Hello, I’m trying to implement only the left (long) branch of the CNN in this paper: https://iopscience.iop.org/article/10.3847/1538-3881/aa9e09/pdf Image below for quick reference:
It is a CNN to detect transiting exoplanets from lightcurves, lightcurves are 1D tensors whose values oscillate more or less around 1 and at some point decrease and then increase back to around one (this represents an exoplanet passing in front of the star decreasing its brightness).
My model looks like this:
import torch
import torch.nn as nn
import torch.nn.functional as F
class Net(nn.Module):
def __init__(self):
super().__init__()
self.conv1 = nn.Conv1d(1, 16, 5)
self.conv2 = nn.Conv1d(16, 16, 5)
self.conv3 = nn.Conv1d(16, 32, 5)
self.conv4 = nn.Conv1d(32, 32, 5)
self.conv5 = nn.Conv1d(32, 64, 5)
self.conv6 = nn.Conv1d(64, 64, 5)
self.conv7 = nn.Conv1d(64, 128, 5)
self.conv8 = nn.Conv1d(128, 128, 5)
self.conv9 = nn.Conv1d(128, 256, 5)
self.conv10 = nn.Conv1d(256, 256, 5)
self.pool = nn.MaxPool1d(5, 2)
self.fc1 = nn.Linear(20736, 512)
self.fc2 = nn.Linear(512, 512)
self.fc3 = nn.Linear(512, 2)
self.sigmoid = nn.Sigmoid()
def forward(self, x):
x = self.pool(F.relu(self.conv2(F.relu(self.conv1(x)))))

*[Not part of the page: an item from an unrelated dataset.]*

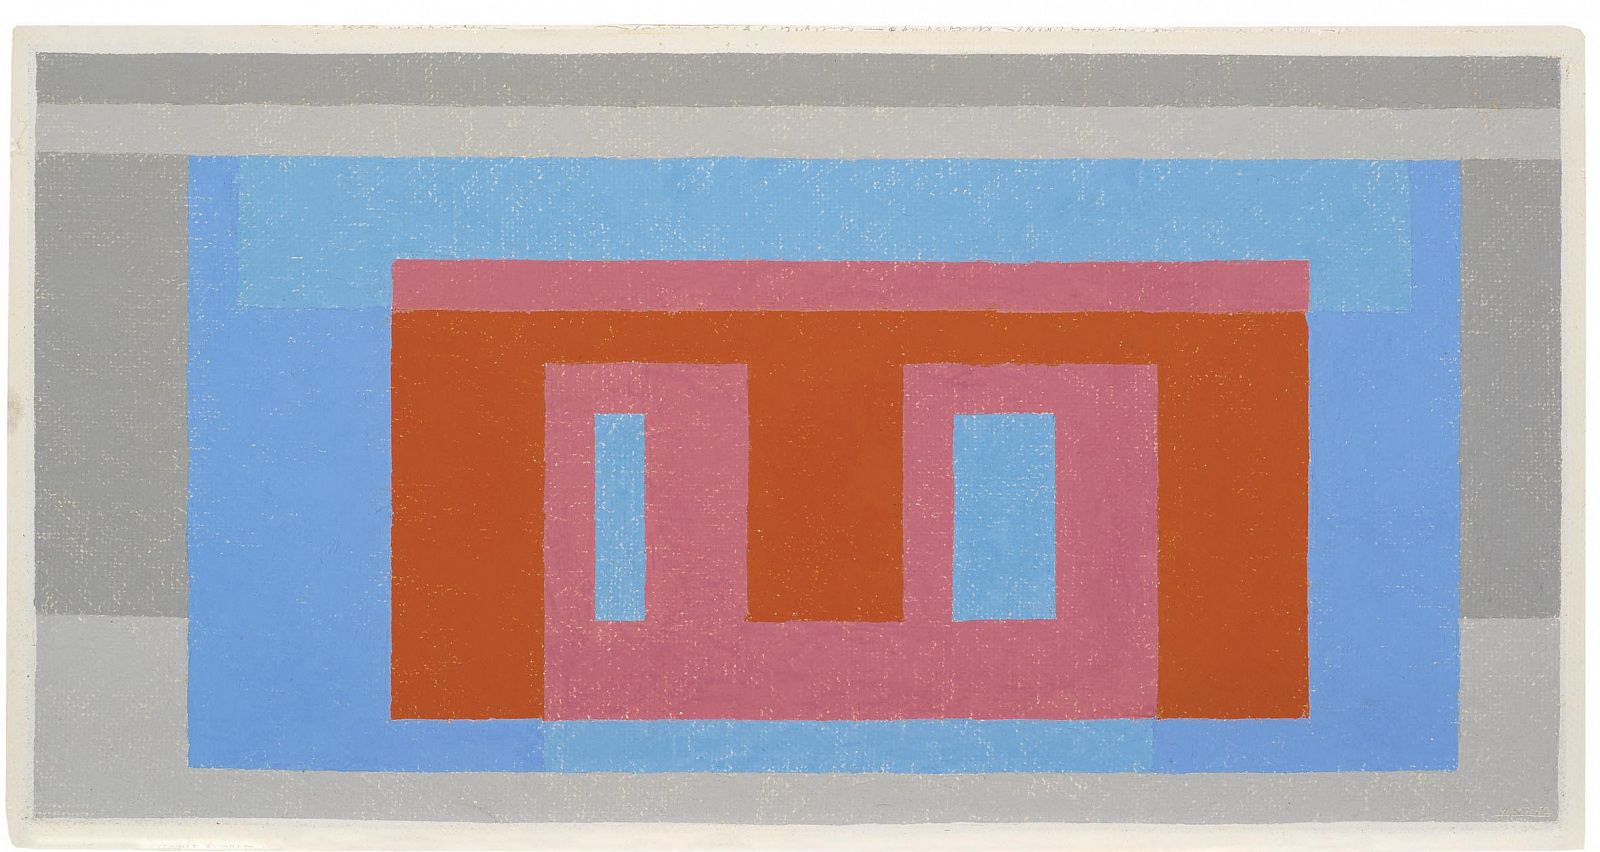 'Día luminoso' (1947-52), Josef Albers.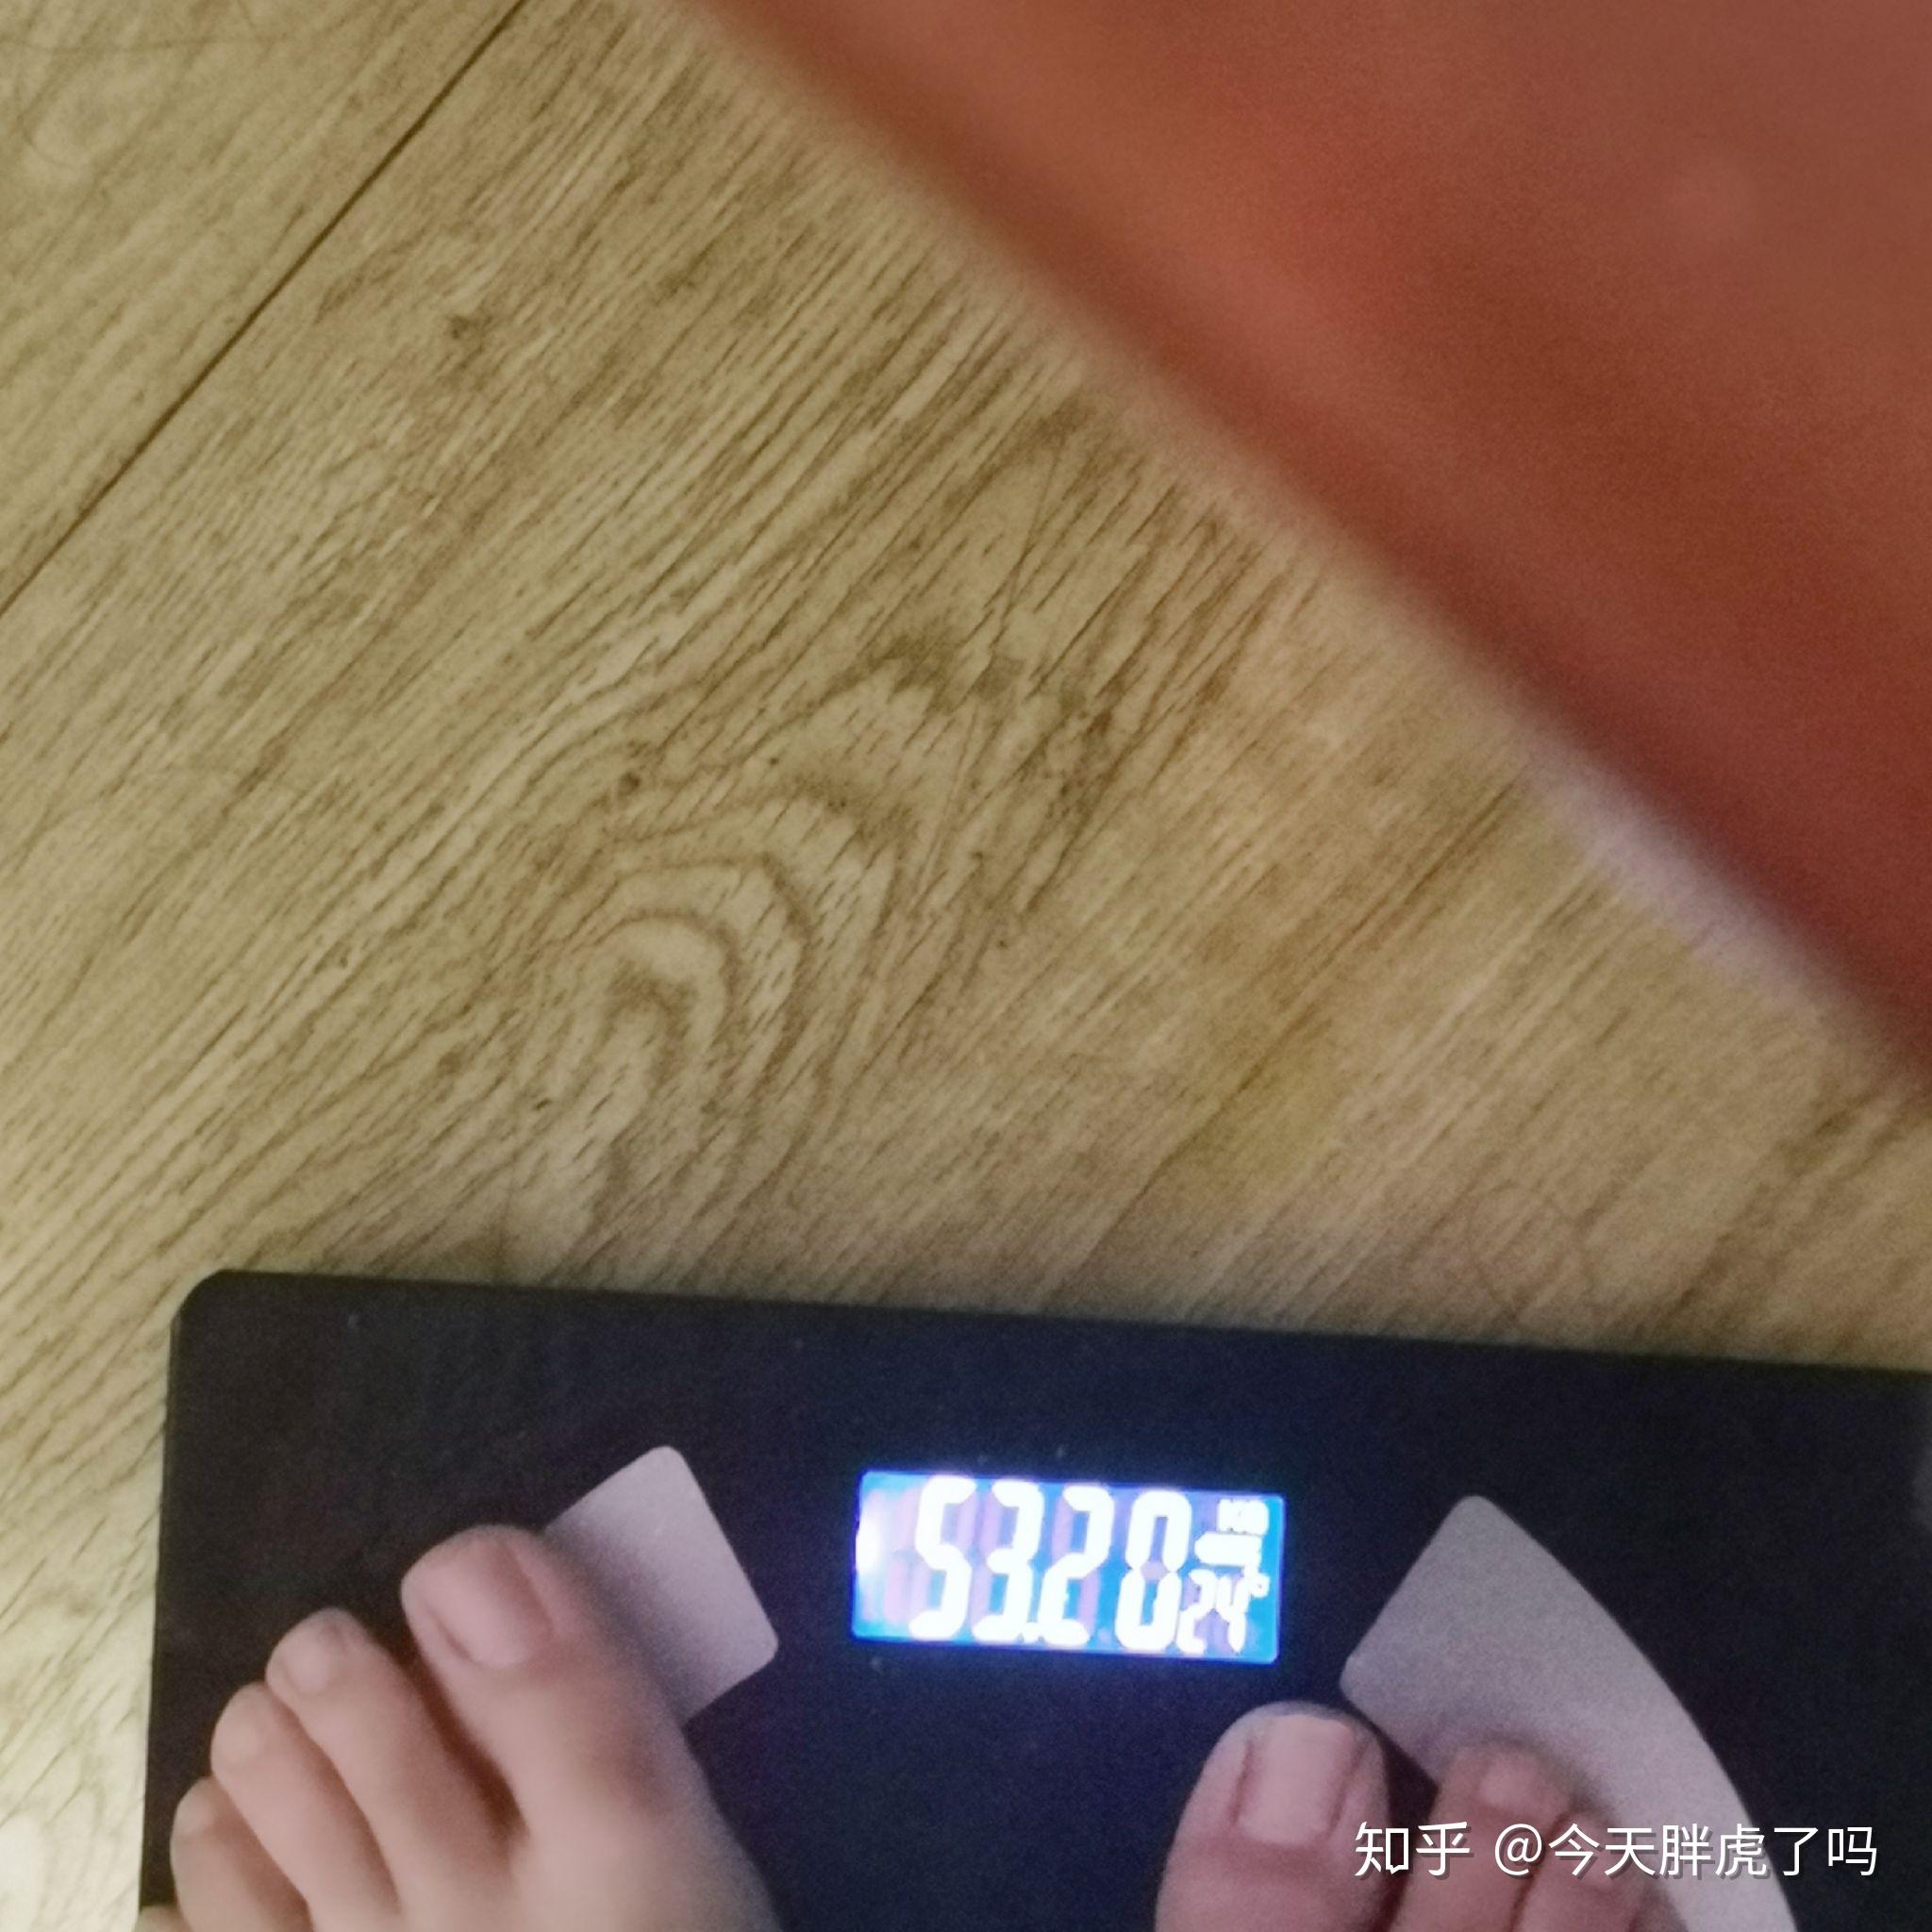 开始有点累的感觉,其他无感,现在瘦到54公斤左右,已经到我想要的体重

x = self.pool(F.relu(self.conv4(F.relu(self.conv3(x)))))
x = self.pool(F.relu(self.conv6(F.relu(self.conv5(x)))))
x = self.pool(F.relu(self.conv8(F.relu(self.conv7(x)))))
x = self.pool(F.relu(self.conv10(F.relu(self.conv9(x)))))
x = torch.flatten(x, 1)
x = F.relu(self.fc1(x))
x = F.relu(self.fc2(x))
x = F.relu(self.fc2(x))
x = F.relu(self.fc3(x))
return x
net = Net()
Training loop:
from torch import autograd
for epoch in range(3): # loop over the dataset multiple times
running_loss = 0.0
for i, data in enumerate(trainloader, 0):
# get the inputs; data is a list of [inputs, labels]
with autograd.detect_anomaly():
inputs, labels = data
inputs = inputs.unsqueeze(1)
# zero the parameter gradients
optimizer.zero_grad()
# forward + backward + optimize
outputs = net(inputs.float())
loss = criterion(outputs, labels)
loss.backward()
optimizer.step()
# print statistics
running_loss += loss.item()
print(running_loss)
if i % 2000 == 1999: # print every 2000 mini-batches
print(f'[{epoch + 1}, {i + 1:5d}] loss: {running_loss / 2000:.3f}')
running_loss = 0.0
print('Finished Training')
I’m using Cross-Entropy loss and Adam with usual hyperparameters values (lr=0.00001, betas=(0.9, 0.999), eps=1e-08).
No matter what I try losses are almost the same in each epoch, getting worse with each batch, output example:
0.692689061164856
1.3858782649040222
2.0809112191200256
2.775941848754883
0.6942305564880371
1.388343870639801
2.0808927416801453
2.7744598984718323
0.693331778049469
1.3866432905197144
2.0802061557769775
2.773610234260559
Finished Training
Things I’ve tried: reduce lr and play around with hyperparameters, all nans removed from inputs, inputs normalized with nn.functional.
normalize
, input tensors padded with zeros when sizes differ (this probably would cause accuracy issues since I’m introducing a fake signal but I think it would not explain the static loss). I have not tried yet to increase the number of samples (using 206, have 3k) since I would have to extract and preprocess them and I’d say number of samples is not the main issue here.
Thank you for any help for making the model work or any other advice.